Articles

Access Control Lists (Italiano)

posted by:
Dicembre 30, 2020

Access Control list (ACL) fornisce un meccanismo di autorizzazione aggiuntivo e più flessibile per i file system. È progettato per aiutare con i permessi dei file UNIX. ACL consente di concedere autorizzazioni per qualsiasi utente o gruppo a qualsiasi risorsa disco.

Installazione

Il pacchetto acl è una dipendenza di systemd, dovrebbe essere già installato.

Abilita ACL

Per abilitare ACL, il filesystem deve essere montato con l’opzioneacl. È possibile utilizzare fstab per renderlo permanente sul sistema.,

C’è la possibilità che l’opzione acl sia già attiva come opzione di montaggio predefinita sul filesystem. Btrfs fa e anche i filesystem Ext2/3/4. Utilizzare il seguente comando per verificare ext* partizioni formattate per l’opzione:

# tune2fs -l /dev/sdXY | grep "Default opzioni di montaggio:"
Default opzioni di montaggio: acl, user_xattr

controllare Anche che il valore di default l’opzione per il montaggio non viene annullato, in tal caso si vedrà noacl nel /proc/mounts nella riga corrispondente.,

È possibile impostare il valore predefinito di opzioni per il montaggio di un file system utilizzando il tune2fs -o option partition comando, per esempio:

# tune2fs -o acl /dev/sdXY

Utilizzando il valore predefinito di opzioni di montaggio invece di una voce /etc/fstab è molto utile per le unità esterne, tale partizione viene montata con acl opzione anche su altre macchine Linux. Non è necessario modificare /etc/fstab su ogni macchina.

Nota:

  • acl è specificato come opzione di montaggio predefinita quando si crea un file system ext2/3 / 4., Questo è configurato in /etc/mke2fs.conf.
  • Le opzioni di montaggio predefinite non sono elencate in/proc/mounts.

Utilizzo

Set ACL

L’ACL può essere modificato utilizzando il comando setfacl.
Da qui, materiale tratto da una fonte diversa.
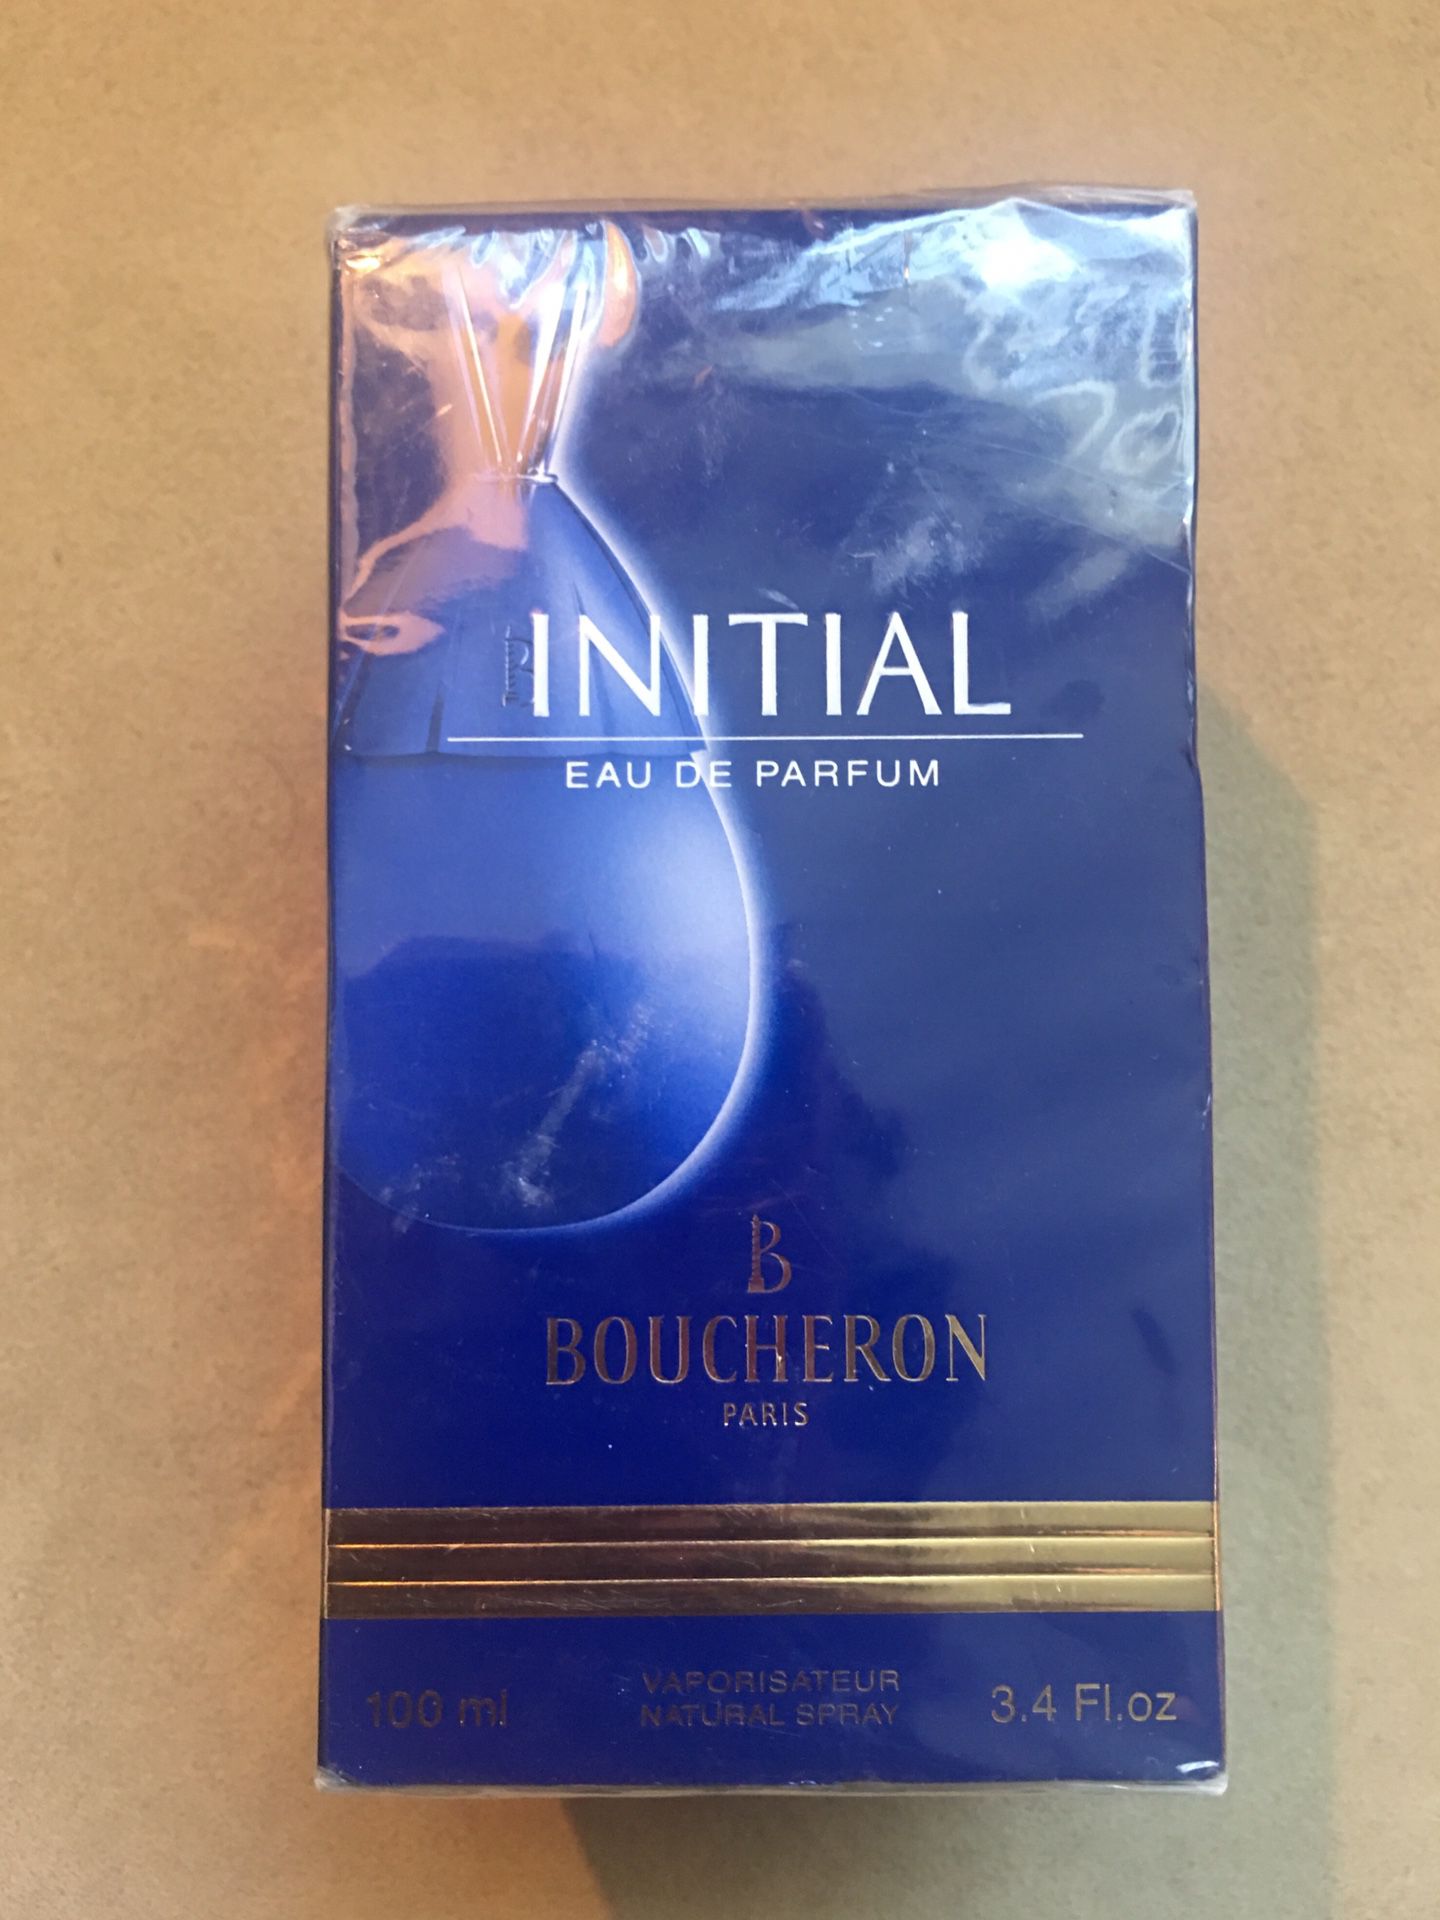 Initial perfume

Suggerimento: È possibile elencare le modifiche alle autorizzazioni di file/directory senza modificare le autorizzazioni (ad esempio dry-run) aggiungendo il flag --test.,

Per impostare le autorizzazioni per gli altri:

# setfacl -m "other:permissions" <file/dir>

Per consentire a tutti i nuovi file o directory per ereditare voci dalla directory principale (questo non influenzerà i file che vengono copiati in una directory):

# setfacl -dm "entry" <dir>

Per rimuovere una voce specifica:

# setfacl -x "entry" <file/dir>

rimuovere le voci di default:

# setfacl -k <file/dir>

rimuovere tutte le voci (voci del proprietario, gruppo e altri vengono mantenuti):

# setfacl -b <file/dir>

L’accuratezza fattuale di questo articolo o sezione è in discussione.,

Motivo: La nota originale sull’opzione--mask (che è stata presa da setfacl(1)) è stata determinata come imprecisa, ma anche la nuova nota non sembra corretta. Vedere la pagina di discussione per i dettagli. (Discuss in Talk: Access Control Lists # ACL mask entry)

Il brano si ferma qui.